1994 National Invitation Tournament
- Season: 1993–94
- Teams: 32
- Finals site: Madison Square Garden, New York City
- Champions: Villanova Wildcats (1st title)
- Runner-up: Vanderbilt Commodores (2nd title game)
- Semifinalists: Siena Saints (1st semifinal); Kansas State Wildcats (1st semifinal);
- Winning coach: Steve Lappas (1st title)
- MVP: Doremus Bennerman (Siena)

= 1994 National Invitation Tournament =

Annual NCAA basketball competition

The 1994 National Invitation Tournament was the 1994 edition of the annual NCAA college basketball competition.

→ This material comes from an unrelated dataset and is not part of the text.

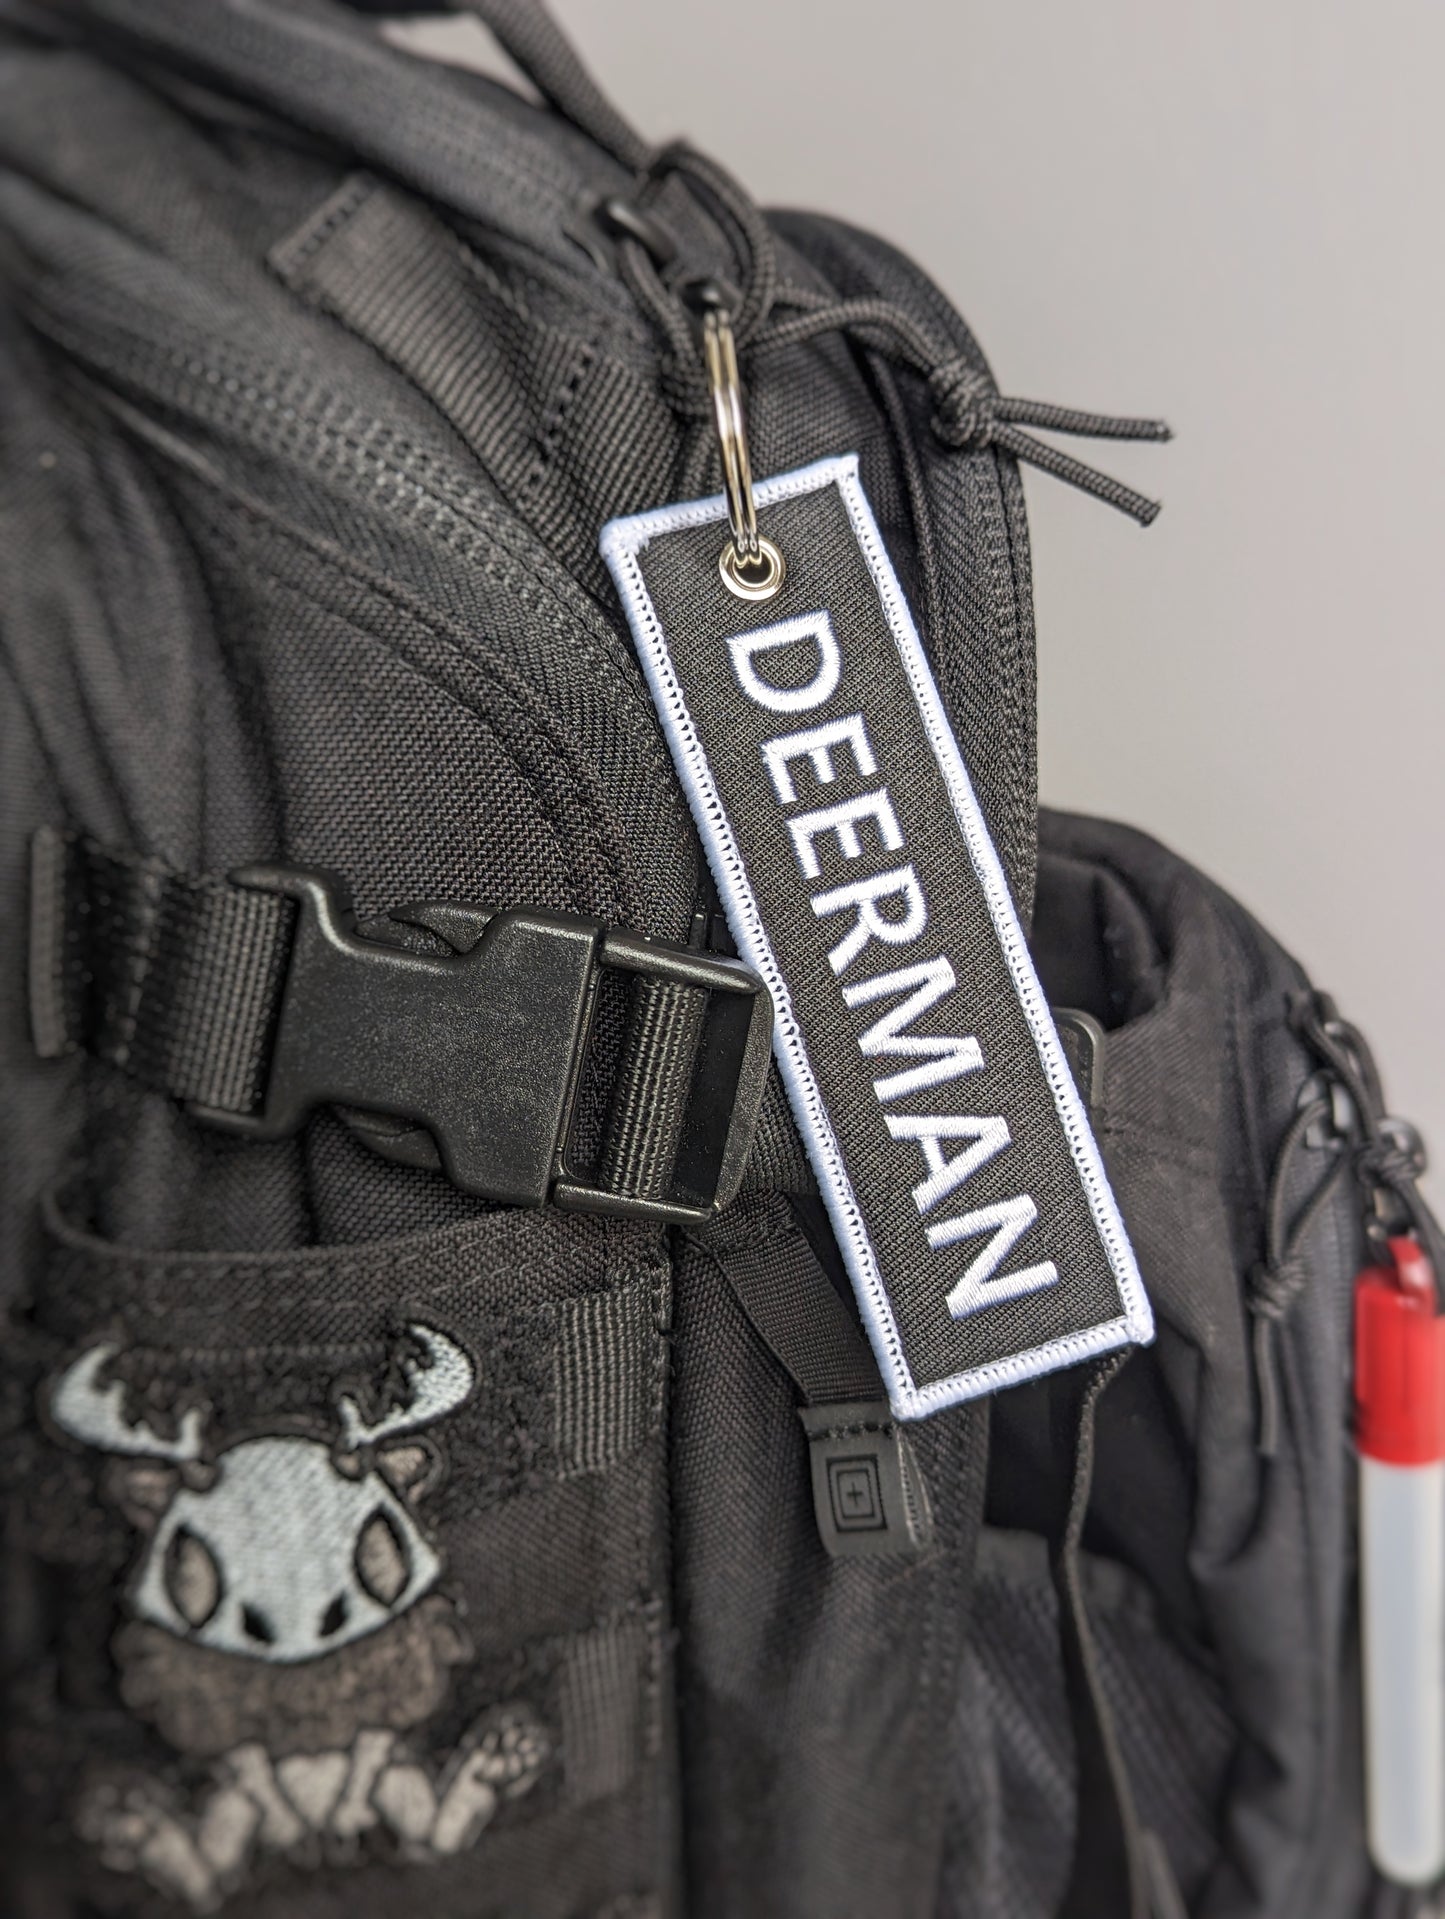 Deerman jet tag keychain

Of note, in Kansas State's 115–77 victory over Fresno State in the quarterfinals, Askia Jones of Kansas State set the NCAA postseason record of 14 three-point field goals. His final total of 62 points, spurred by nine consecutive successful three-point shots bridging the first and second halves, was also the second-highest scoring output in major-college postseason history.

Doremus Bennerman of Siena won MVP after scoring 174 points in 5 NIT games. The total remains a tournament record.

==Selected teams==
Below is a list of the 32 teams selected for the tournament.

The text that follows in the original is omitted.